Psychologists note the difficulty inherent in taking care of children with developmental challenges. Consultant Psychiatrist, Dr. Adeoye Oyewole, says parenting becomes more challenging when the baby has a special need. “These children are those with malfunctioning of the brain arising from a number of causes, which could be due to viral infection during pregnancy, affecting the brain of the growing foetus. It may also arise due to a difficult delivery, where quacks attempt to forcefully bring out the baby, thereby causing damage to the fragile brain.”

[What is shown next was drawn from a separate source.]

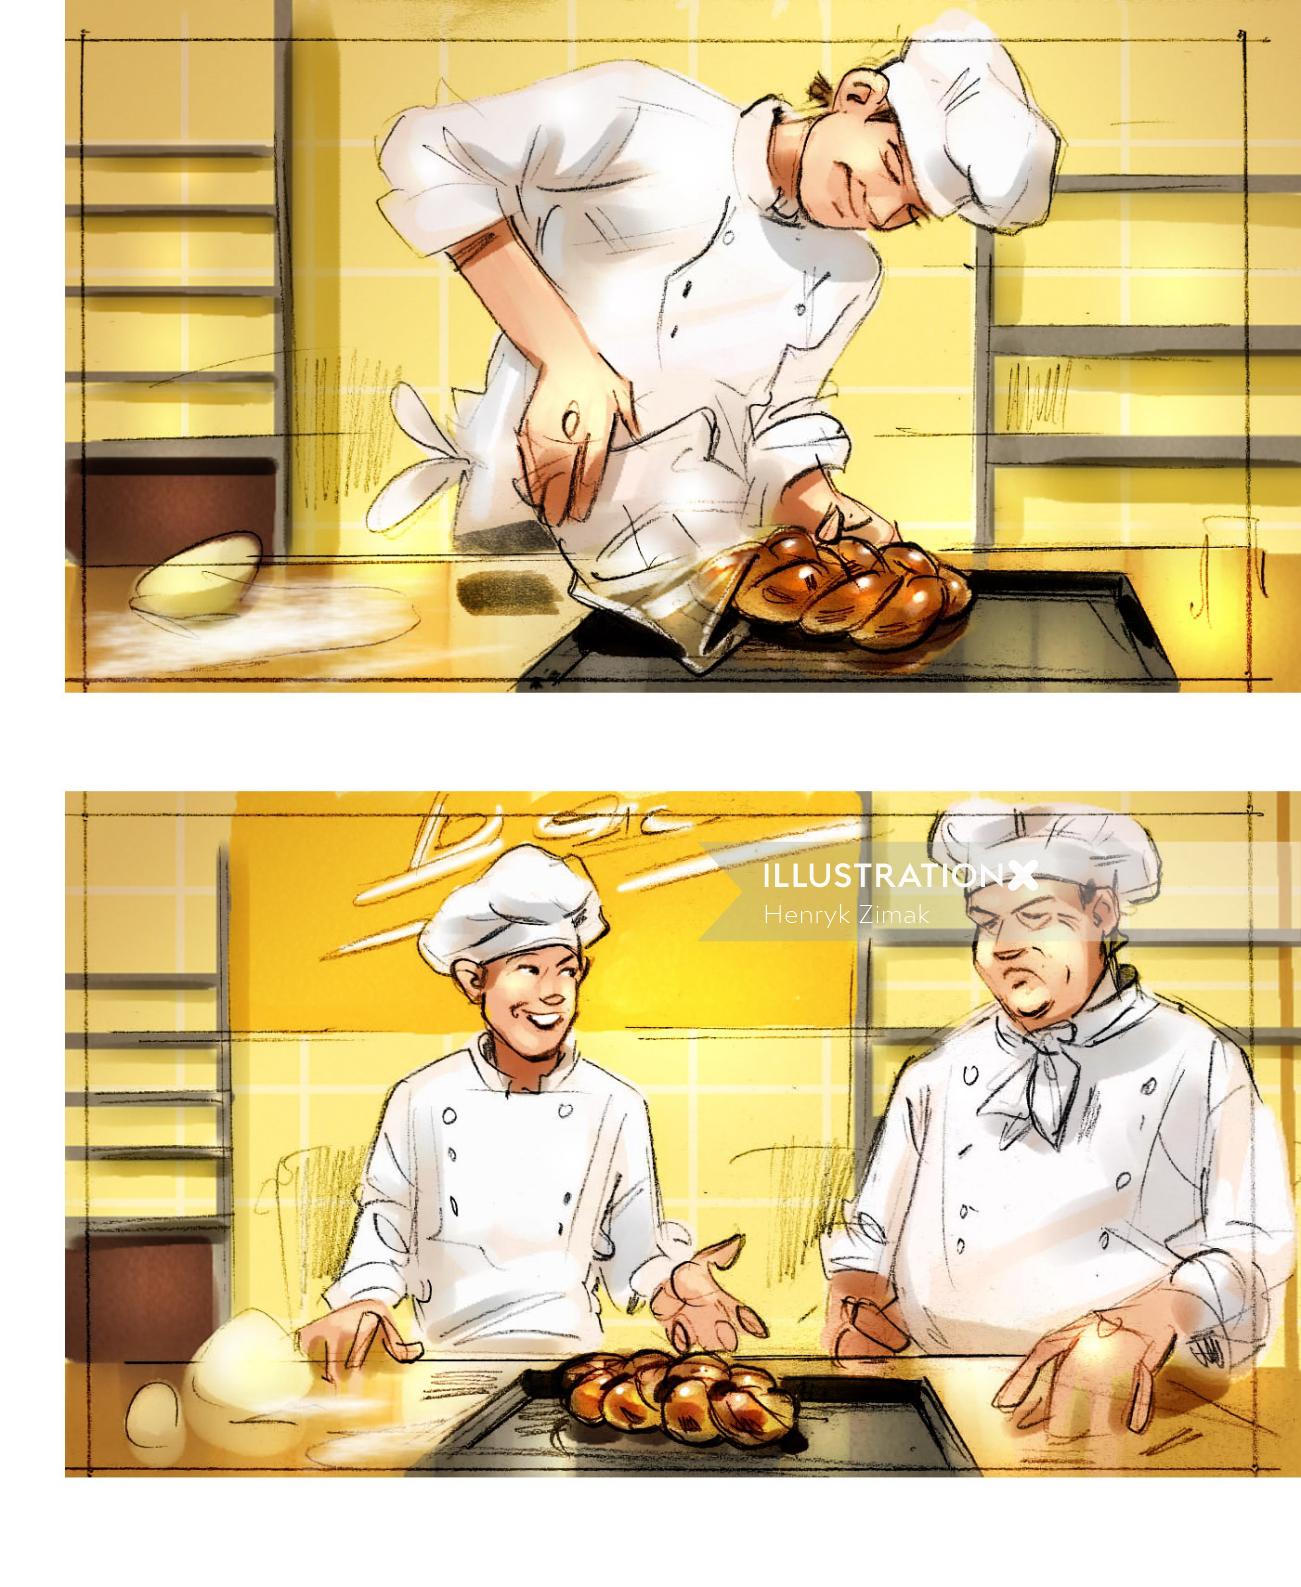 Illustration of chef

Consultant Psychiatrist in Child and Adolescent Psychiatry, FNPH, Dr. Mashidat Bello-Mojeed, says such children have peculiar characteristics, which include inability to socialise. She notes that though challenged children don’t outgrow developmental disability, the situation is treatable, such that the children can attain reasonable level of independence and usefulness to themselves and the family.

She advocates early intervention via early diagnosis, for better results.

She agrees with the parents of special children that it is really expensive to access treatment, especially because of the number of professionals that must attend to the children at various stages of development. They include speech therapists, child psychiatrists, occupational therapists, psychologists, educational therapist, physiotherapist, social workers, nurses and a host others.

The Medical Director of FNPH, Dr. Rahman Lawal, encourages families with special children not to hide them. He counsels them to take advantage of the facilities at the hospital, which, he says, are specifically tailored to the needs of children with developmental disorders.